I wish I could distribute this article to every person in Pakistan. What I will do, I will translate in Urdu and give it to many people around me.
What a correlation, sir. I am impressed. Yes, Taliban are like cancer cells, they don’t foresee that if Pakistan perishes, they perish too. They are like all of us, very hard to identify and very hard to eliminate and so collateral damage is imminent.
You have done extremely intelligent correlation. You are genius sir. Unlike, very unlike other Americans, you are trying to identify the root cause, and I must say that you know the problem more than many Pakistanis do. Barack Obama also tries to understand things out here. Can you please, please please send this article to him and to Richard Holbrooke and to Mrs. Clinton and yes to our own President?

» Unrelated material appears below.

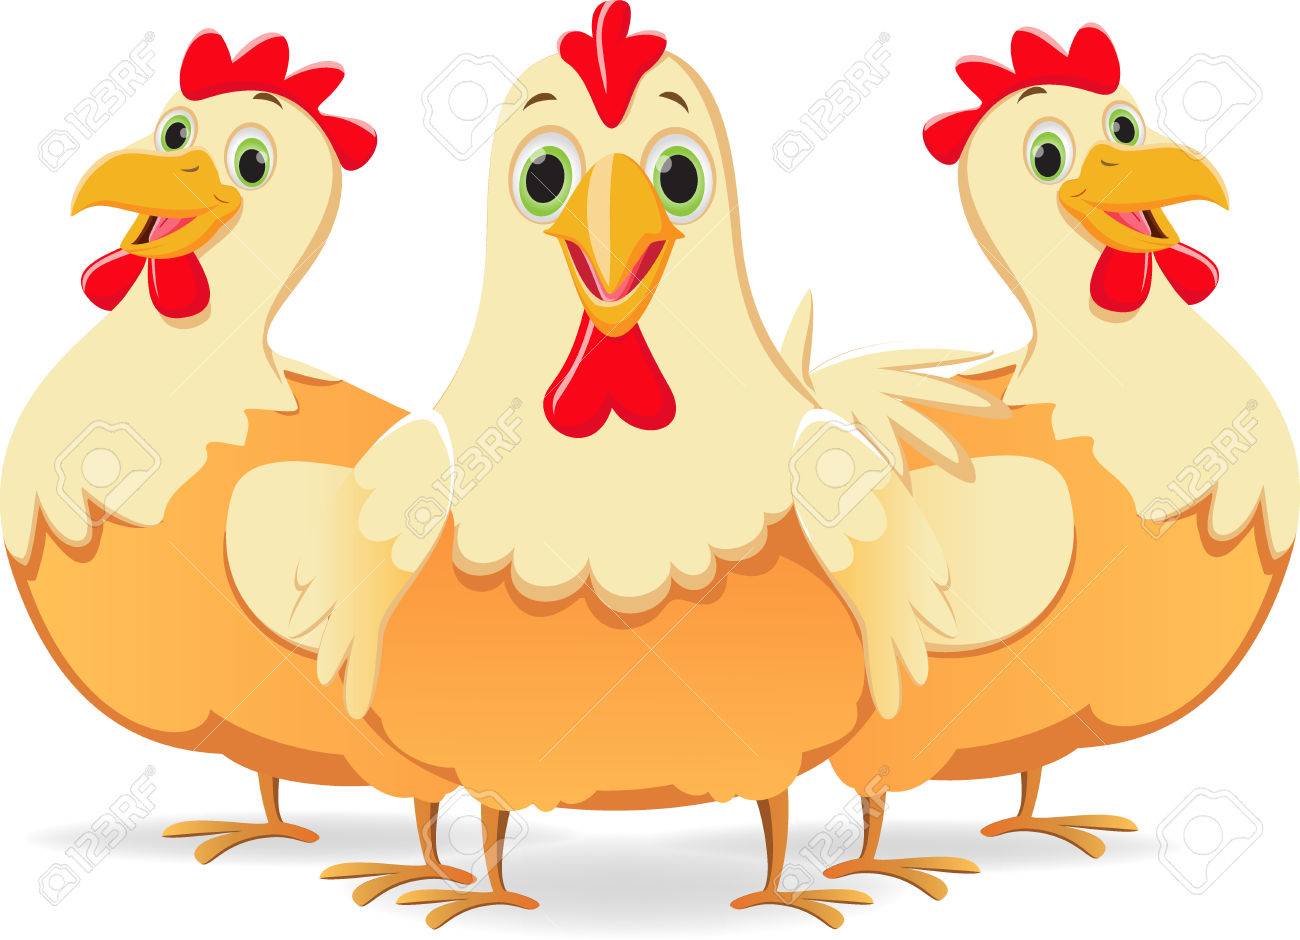 Chickens clipart. Three station 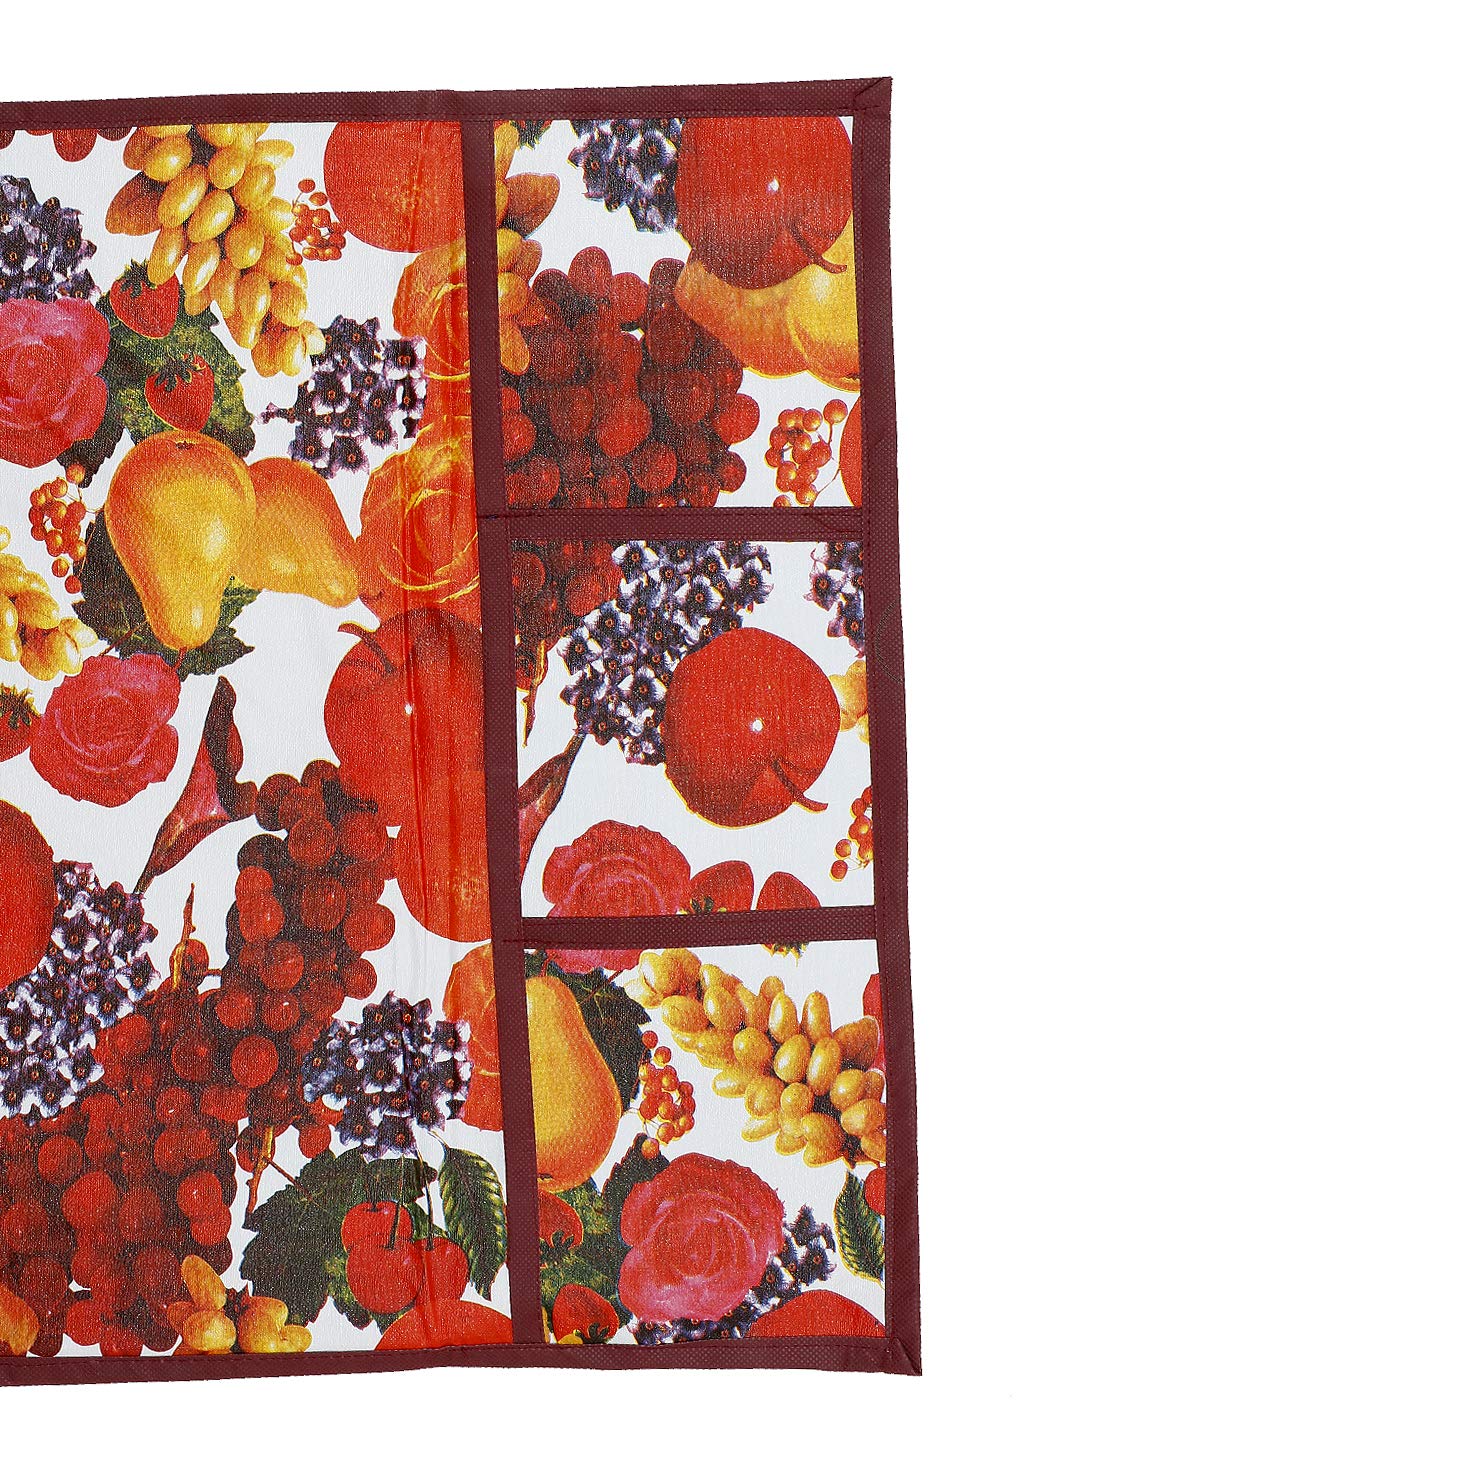 Kuber Industries Fruits Design 3 Pieces PVC Fridge Mats and 1 Piece Fridge Top Cover (Red & White) CTKTC34064

Oracle, you are very kind. I hope I have some understanding of cancer, hard-won, and perhaps some insight into how national movements can be cancer-like, with some specific historical examples. To be frank, I was not sure that the Taliban, specifically, fit the mold, though I suspected it might - for that judgment I count on the superior detailed knowledge of those of you who are closer to that specific problem, and more aware of the details. As for *current* American leaders, I suspect that their understanding of the *general* nature of the problem is pretty good, already, but where foreign leaders and citizens could use a lot of help would be regarding *specific* ways that they might help, ways that would have the support of Pakistani leadership and people. If Americans try to “help” in ways that do not have your active and widespread support, the effort might very likely backfire, drawing sympathy to the enemy, rather than harming them. In Part 2, (coming *very* soon!), I suggest some *general* strategies for fighting a national cancer, and I invite you and other readers to suggest *specific* things that the US or others might do to help, things that might have the support of the people. If there are any such specific suggestions, from the Pakistani people, *those* are probably what I should send to Obama, Clinton, and Holbrooke!
i have no sympathies with Talibans — However some time i think that if 9/11 had not been happened these Talibans would have not been portrayed as such as they are today.
i have no sympathies with Talibans — However some time i think that if 9/11 had not been happened these Talibans would have not been portrayed as such as they are today.
Who created and supported Talibans and why. . Such like questions also need to be impartialy discussed
Oh, also, Oracle, thank you so much for offering to translate and distribute the article more widely! Perhaps TPS would also be interested in publishing a translation? If these ideas, in any language, “go viral” and spread widely, from person to person and through the media, perhaps they might offer some immunity to the cancerous spread of the Taliban’s ideas?! I realize there are long odds against my little article becoming the seed to make that kind of a difference, but I can hope, and even if the odds against are a million to one, I’d consider the time very well spent, considering the *colossal* stakes involved!